What is more interesting when I moved all the drawing code from drawRect method to touchMoved method it doesn't impact the performance, however the same amount of drawing/processing logic still remains comparing to the version with drawRect method - even updating the entire view every time still gives me 60fps. One problem is that without drawRect I'm not able to visualize that changes.

So I've came to what pregenerated drawRect method warns about:

"Only override drawRect: if you perform custom drawing. An empty implementation adversely affects performance during animation."

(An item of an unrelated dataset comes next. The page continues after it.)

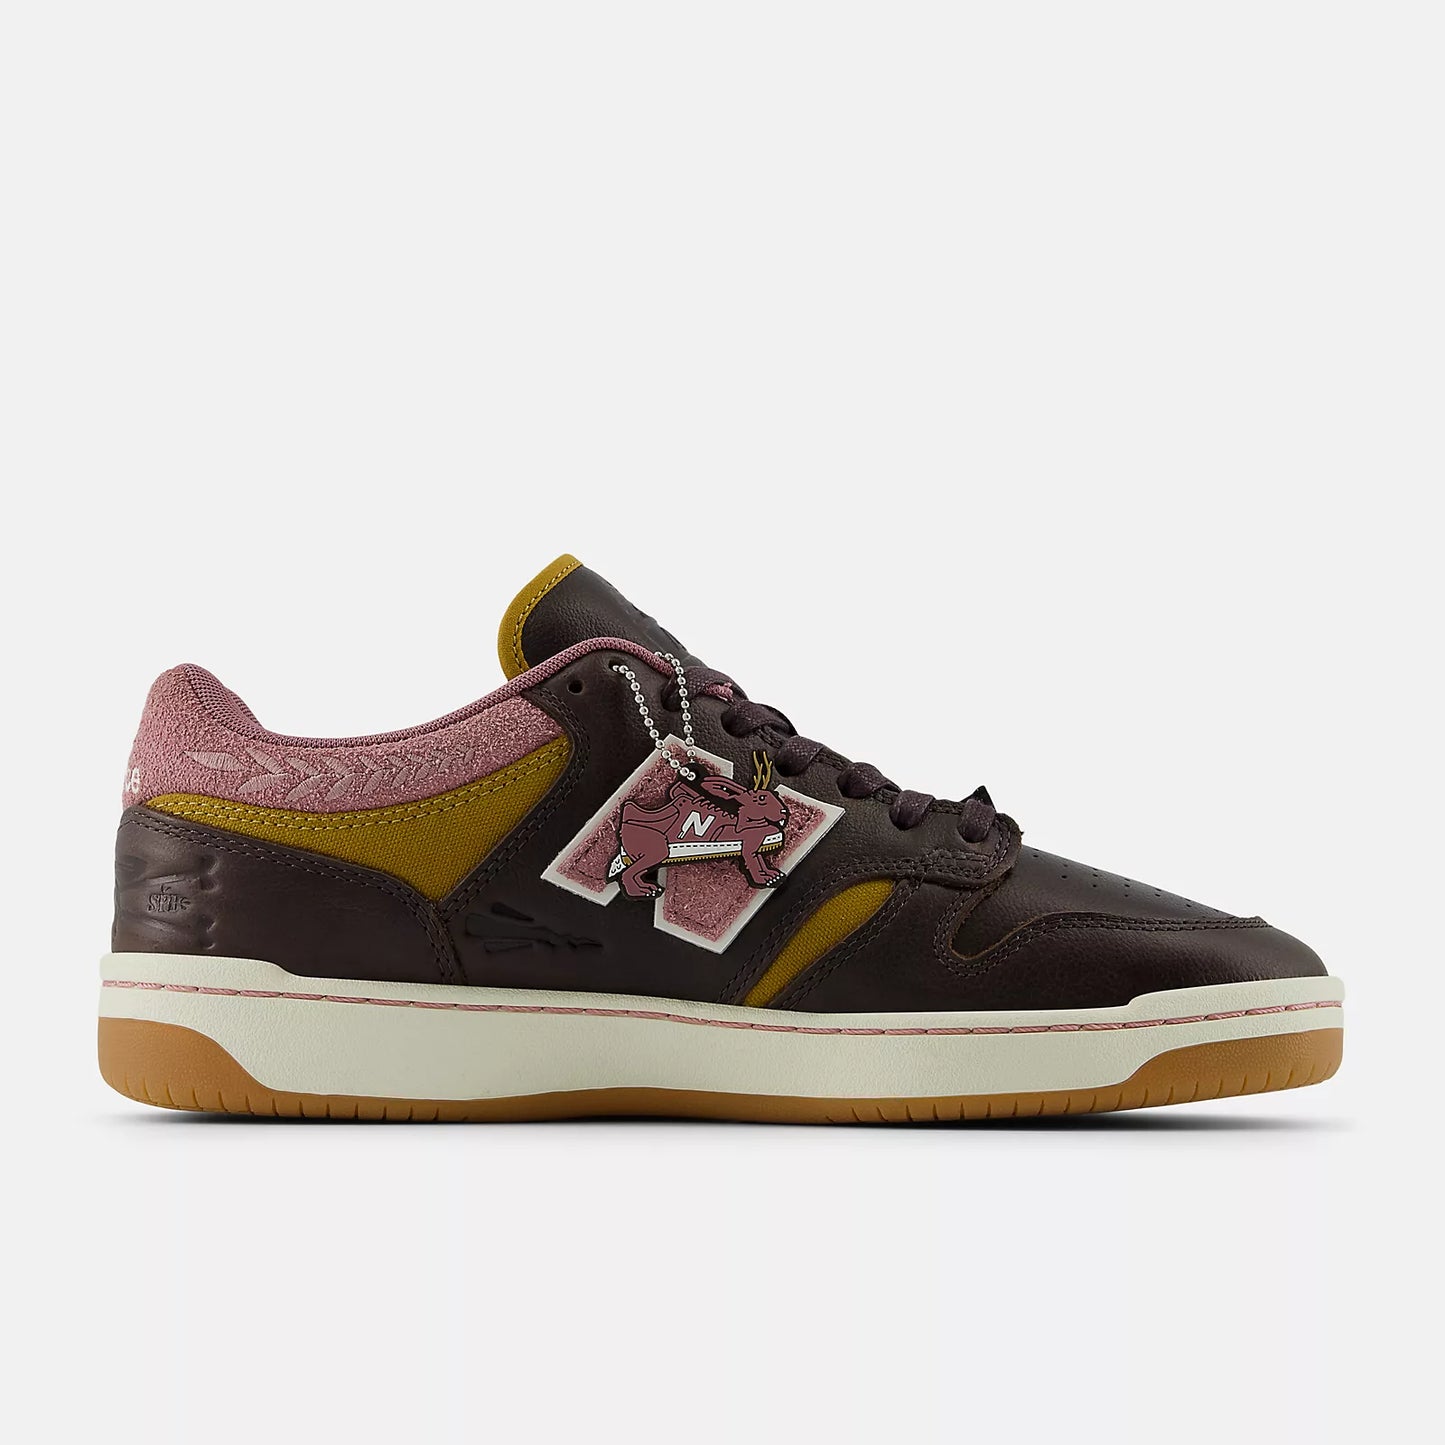 New Balance Numeric 480 x Jeremy Fish 330 - Brown with Pink

My guess is that the system creates and destroys graphics context every time custom drawRect is triggered leading to "dversely affects performance"

So the questions are:

  1. Is there any way to speed up drawRect calls, like make the system reuse resources from call to call of drawRect or something?

  2. If this is a dead end, what other approaches available to update view's content? Moving to OpenGL is not an option at the moment as there are a lot of code/logic already implemented and it will take a lot of effort to port it.

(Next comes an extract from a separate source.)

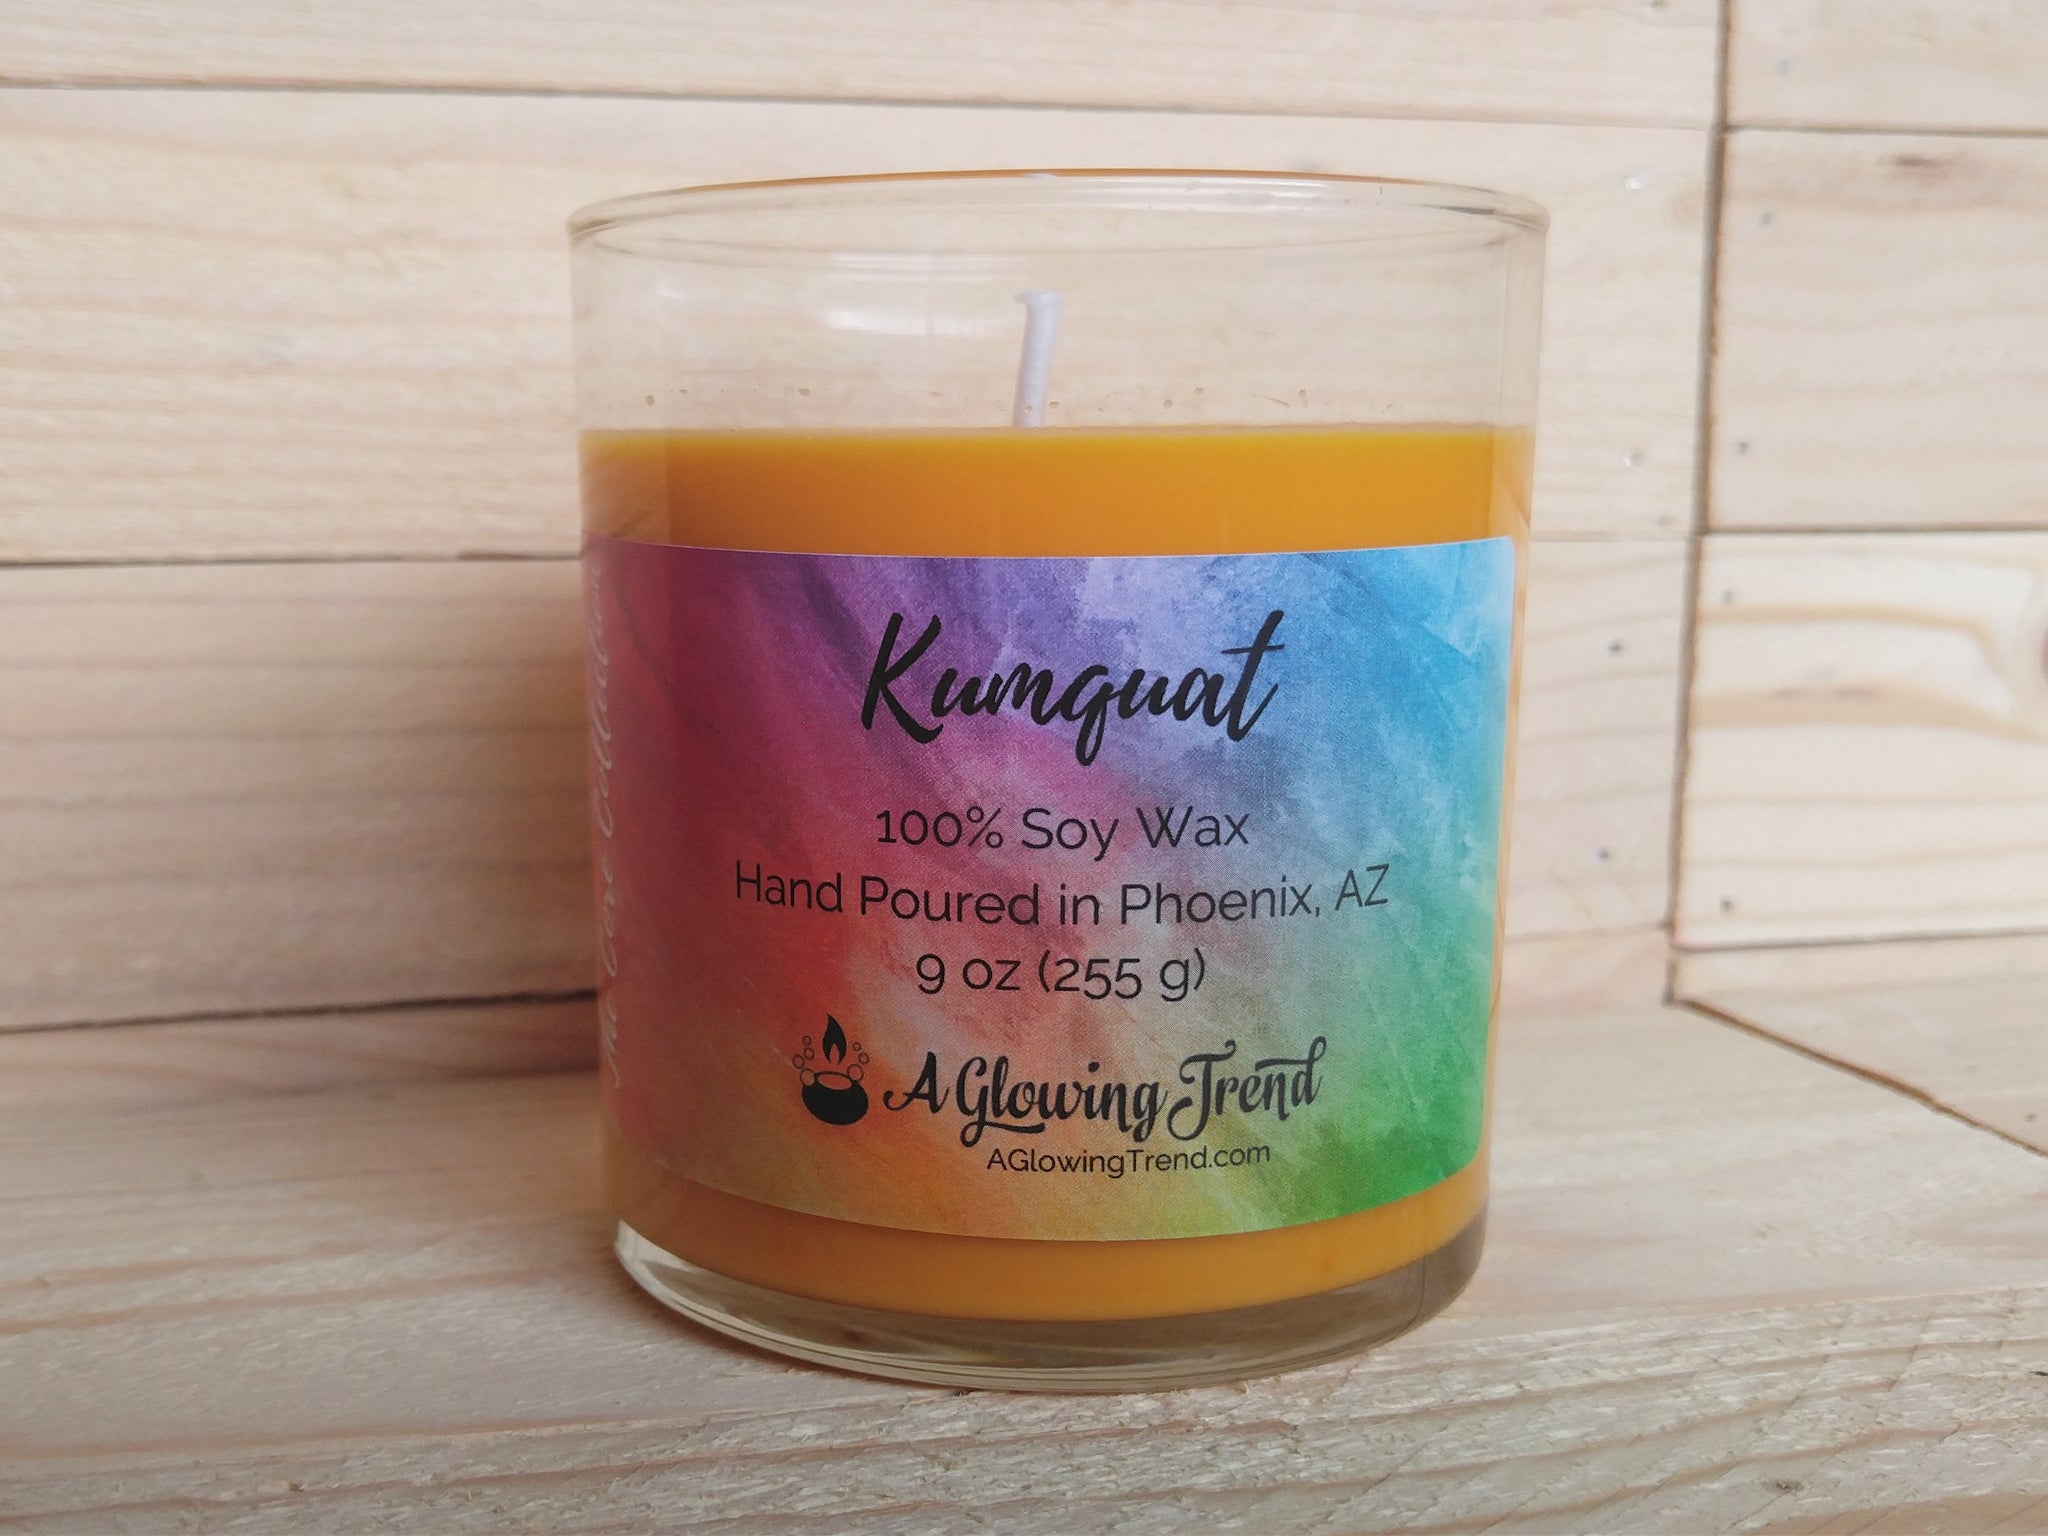 A 9 oz glass tumbler containing a yellow-orange Kumquat scented soy candle by A Glowing Trend

I'll be glad to provide any additional information needed. And Thanks in advance for any suggestions!

EDIT:

After some more investigation and experiments I've came to using UIImageView and it's image property to update view's content dynamically. It gave a small performance improvements (the drawing is more stable at 19-22 fps). However it is still far from target 50-60fps. One think I've noticed is that updating only a dirty part of offscreen buffer image really makes sense - without forcing the view's content update, pure logic of redrawing offscreen buffer gives around 60 fps. But once I'm trying to attach the updated image to UIImageView.image property to update it's content the fps drops to mentioned 19-22. This is reasonable as assigning the property forces whole image to be redrawn on view's side.

So the question still remains - is there any way to updated only a specified portion of view's (UIImageView's) displaying content?

Upvotes: 4

Views: 1439

Answers (1)

vir us
vir us

Reputation: 10715

After spending several days I've came to unexpected (at least for myself) results. I was able to achieve 30fps on retina iPad which is acceptable result for now.

The trick that worked for me was:

  1. Subclass UIImageView
  2. Use UIImageView.image property to update content - it gives a better results comparing to ordinary UIView with setNeedsDisplay/setNeedsDisplayInRect methods.
  3. Use [self performSelector:@selector(setImage:) withObject:img afterDelay:0]; instead of just UIImageView.image = img to set the updated image to UIImageView.

The last point is a kind of spell for me now however it gives the minimal necessary frame rate (even if the original image is redrawn fully each frame not only dirty regions).

My guess if why performSelector helped to gain fps for updating view in my case is that scheduling setImage on view's queue optimizes possible internal idles which may occur during touch event processing. This is only my guess and if anyone can provide relevant explanation I'll be glad to post it here or accept that answer.